Uitspraak
RECHTBANK LIMBURG
1.De procedure
- de dagvaarding
- de incidentele conclusie tot oproeping in vrijwaring
- de conclusie van antwoord in het incident.
Rechtbank Limburg
In deze zaak heeft [eiser in hoofdzaak, verweerder in incident] een mondelinge overeenkomst gesloten met de besloten vennootschap ALFA AFBOUW B.V. voor de renovatie van zijn badkamer. Tijdens de uitvoering van de werkzaamheden zijn er problemen ontstaan met de warm waterregulatie van de douche, waarop [eiser in hoofdzaak, verweerder in incident] Alfa Afbouw aansprakelijk heeft gesteld. Alfa Afbouw heeft echter de aansprakelijkheid van de hand gewezen en verwezen naar [bedrijf 2] als verantwoordelijk voor de problemen.

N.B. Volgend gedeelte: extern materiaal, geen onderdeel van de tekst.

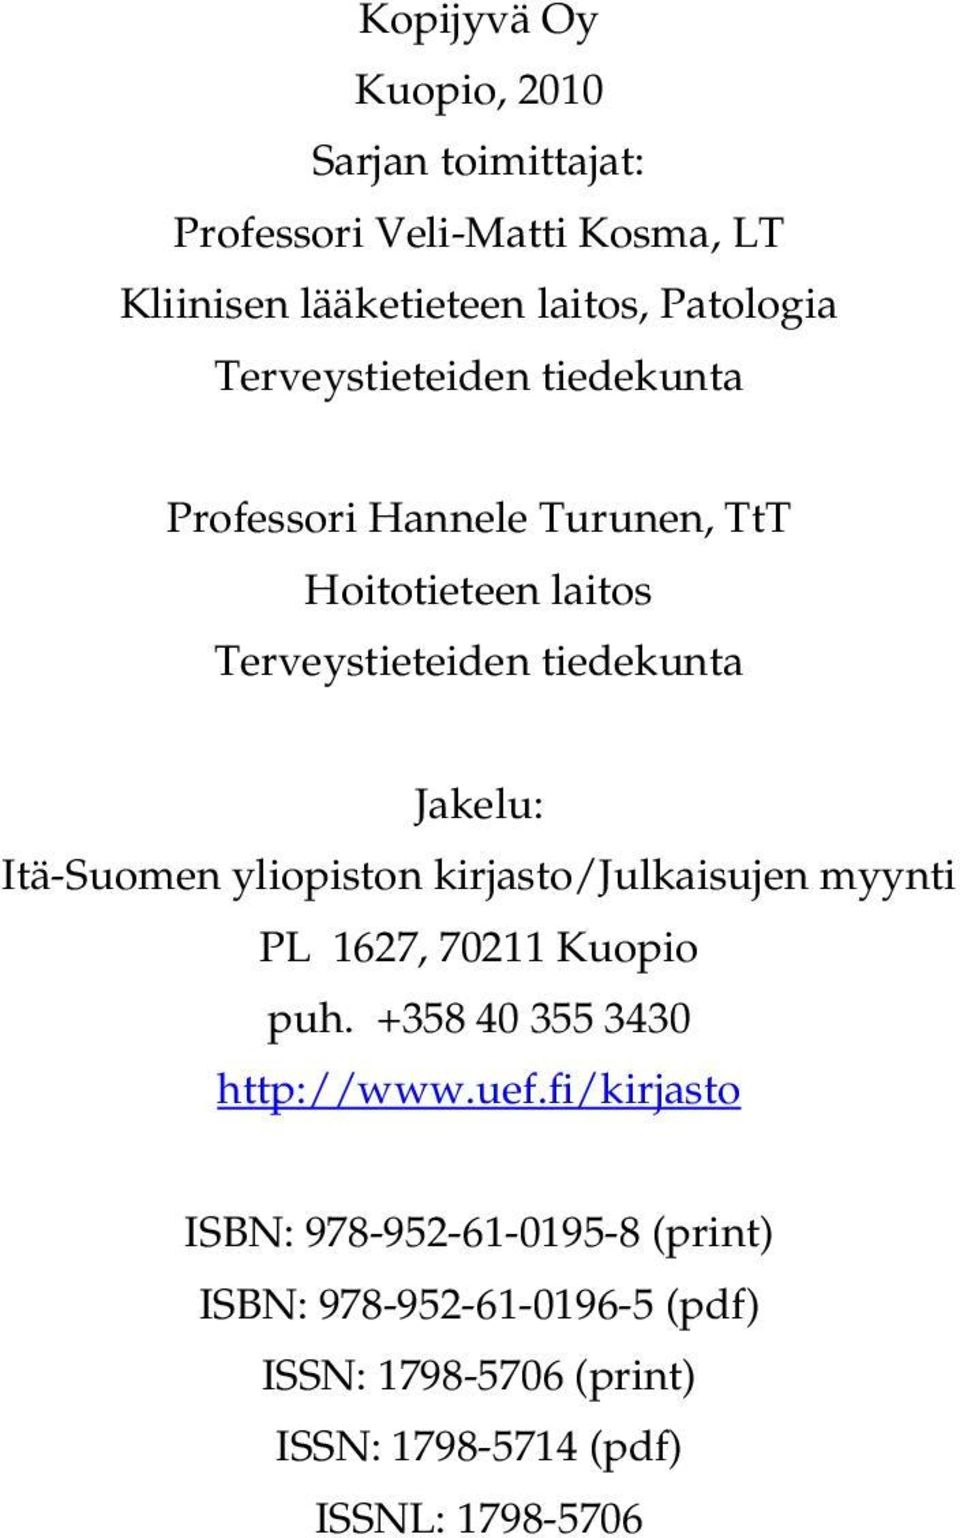 Itä-Suomen yliopiston kirjasto/julkaisujen myynti PL 1627, 70211 Kuopio puh. +358 40 355 3430 http://www.uef.

Na meerdere correspondenties heeft [eiser in hoofdzaak, verweerder in incident] een onafhankelijk expert ingeschakeld, die de herstelkosten heeft begroot op € 14.445,11.
In het kader van de procedure heeft Alfa Afbouw een incidentele vordering tot oproeping in vrijwaring ingediend, waarbij zij stelt dat de werkzaamheden zijn uitgevoerd door een onderaannemer en niet door haarzelf. De kantonrechter heeft geoordeeld dat de stellingen van Alfa Afbouw voldoende aannemelijk zijn en heeft de oproeping in vrijwaring toegewezen. [eiser in hoofdzaak, verweerder in incident] is veroordeeld in de proceskosten van het incident, die tot op heden op nihil zijn begroot. De zaak is vervolgens verwezen naar de rol voor antwoord op 13 april 2022.